Leather, though as impudent a dog as any of them, and far more than a match for the best of them at a tournament of slang, being on his preferment, thought it best to be civil, and replied, with a touch of his hat, that they were 'Mr.Sponge's.' 'Ah! old sponge biscuits!--I know him!' exclaimed a youth in a Tweed wrapper.' My father married his aunt.

Give my love to him, and tell him to breakfast with me at six in the morning--he! he! he!' 'I say, old boy, that copper-coloured quadruped hasn't got all his shoes on before,' squeaked a childish voice, now raised for the first time.
'That's intended, gov'nor,' growled Leather, riding on, indignant at the idea of any one attempting to 'sell him' with such an old stable joke.

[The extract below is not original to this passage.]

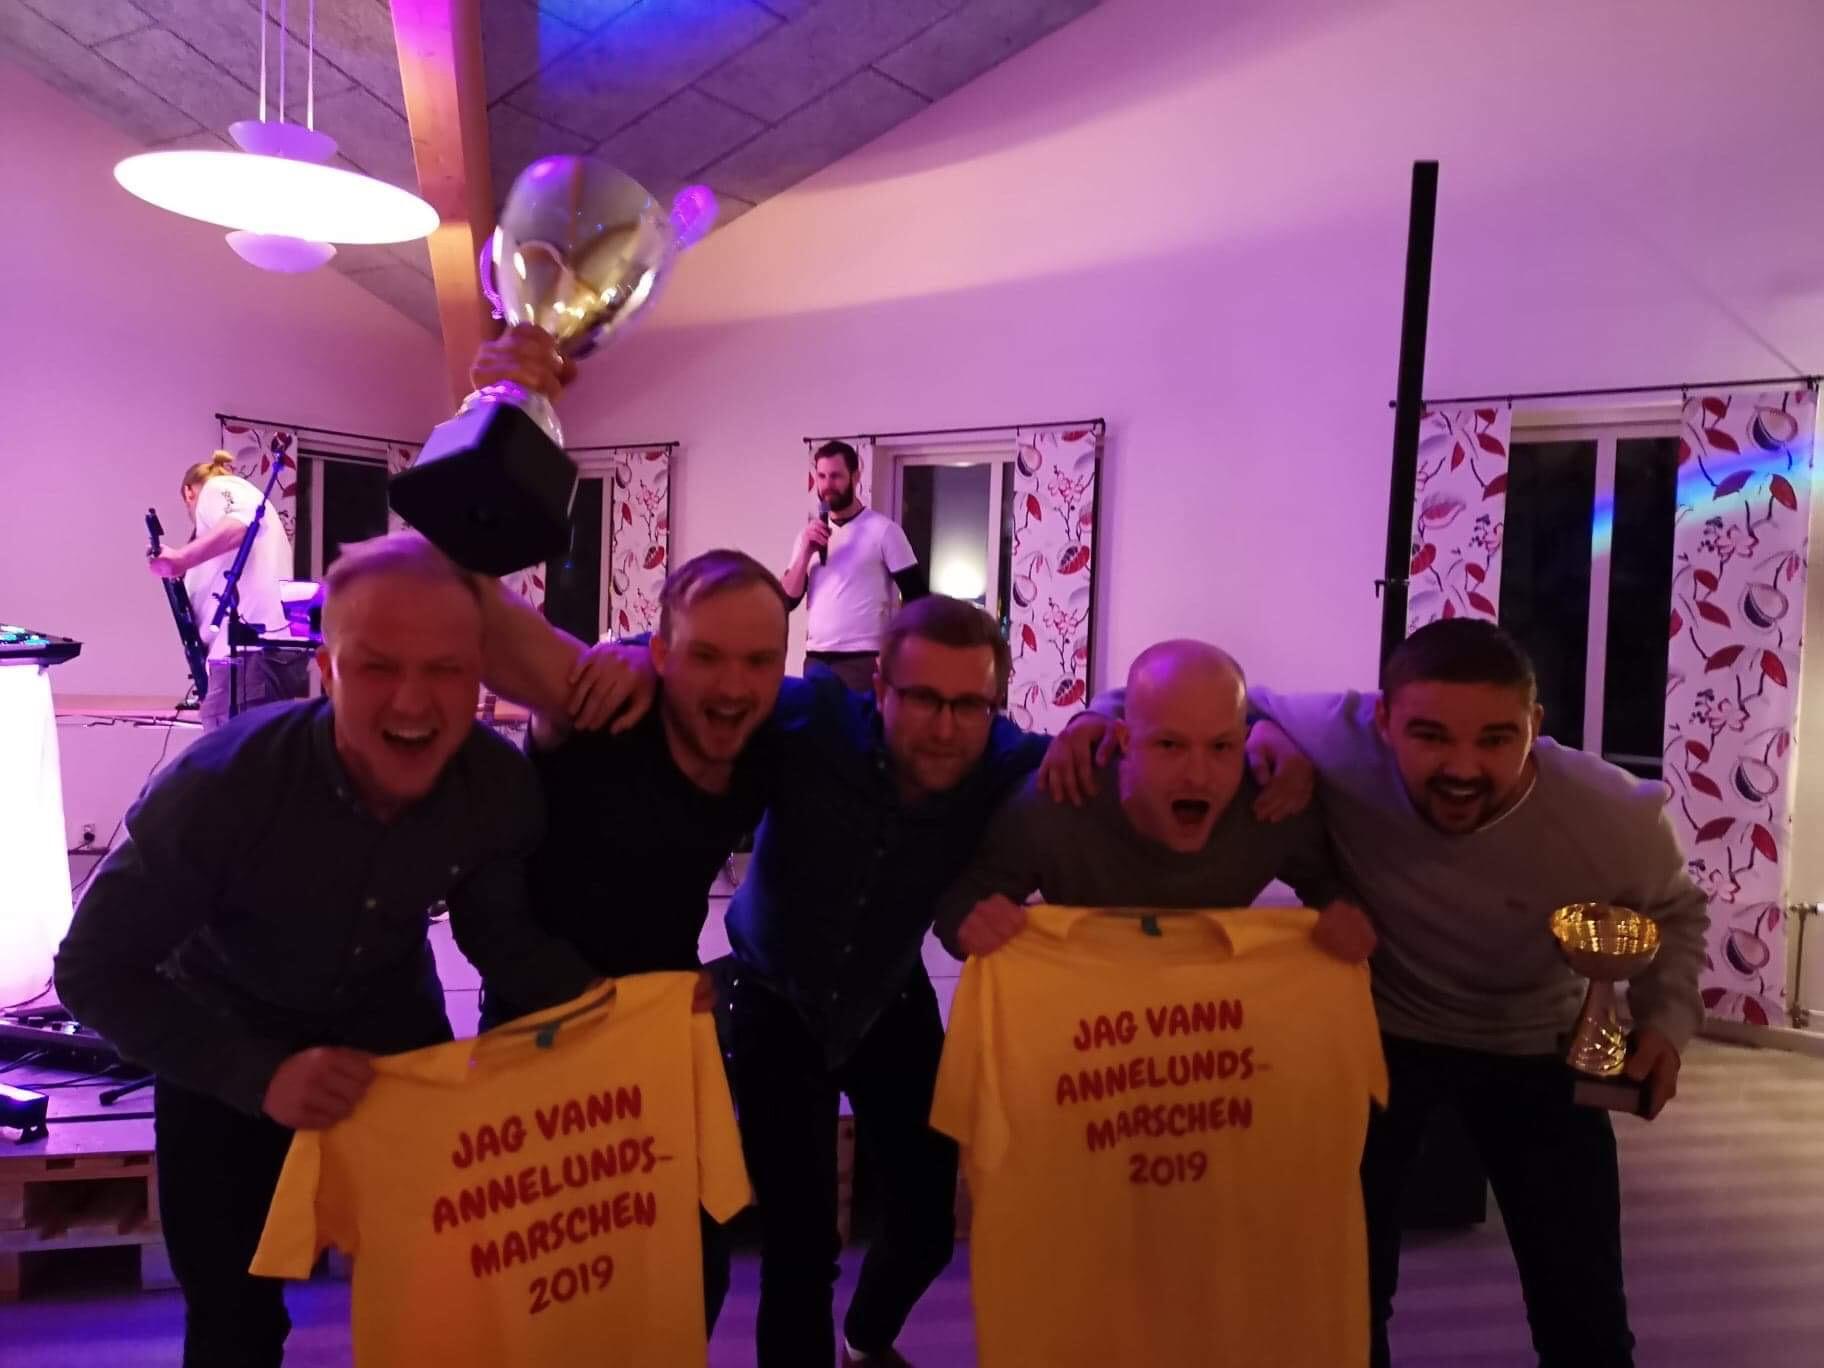 Segervrål från Molla Knatters - Vinnare av Annelundsmarschen 2019
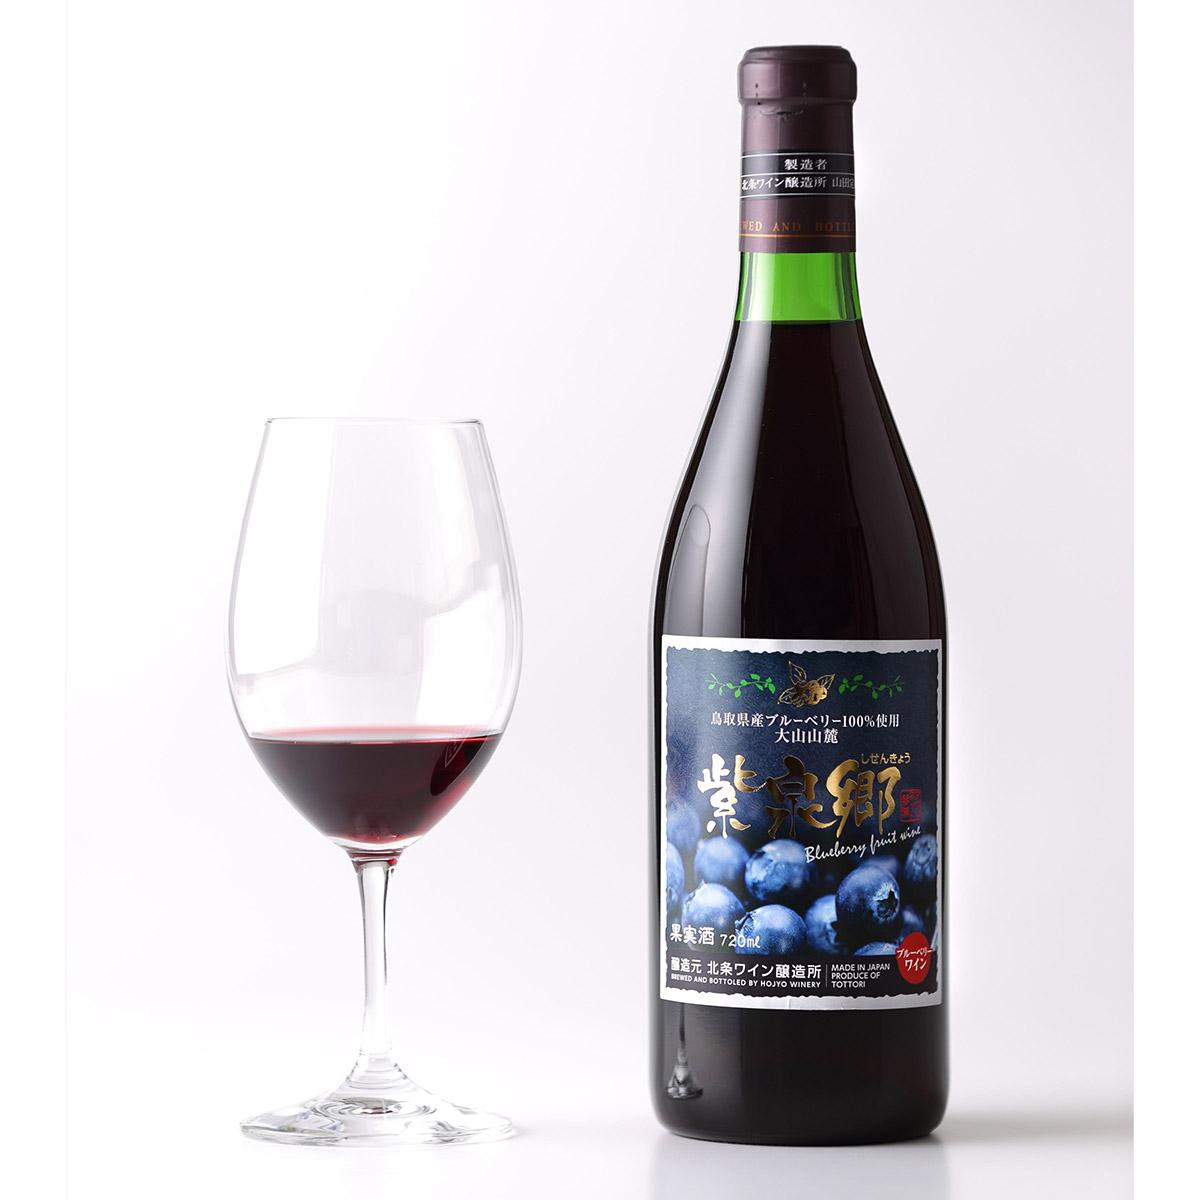 【ふるさと納税】ブルーベリーワイン「紫泉郷」

So Leather passed on through the now splendidly lit up streets, the large plate-glass windowed shops, radiant with gas, exhibiting rich, many-coloured velvets, silver gauzes, ribbons without end, fancy flowers, elegant shawls labelled 'Very chaste,' 'Patronized by Royalty,' 'Quite the go!' and white kid-gloves in such profusion that there seemed to be a pair for every person in the place.
Mr.Leather established himself at the 'Eclipse Livery and Bait Stables,' in Pegasus Street, or Peg Street, as it is generally called, where he enacted the character of stud-groom to perfection, doing nothing himself, but seeing that others did his work, and strutting consequentially with the corn-sieves at feeding time.
After Leather's long London experience, it is natural to suppose that he would not be long in falling in with some old acquaintance at a place like the 'Wells,' and the first night fortunately brought him in contact with a couple of grooms who had had the honour of his acquaintance when in all the radiance of his glass-blown wigged prosperity as body-coachman to the Duke of Dazzleton, and who knew nothing of the treadmill, or his subsequent career.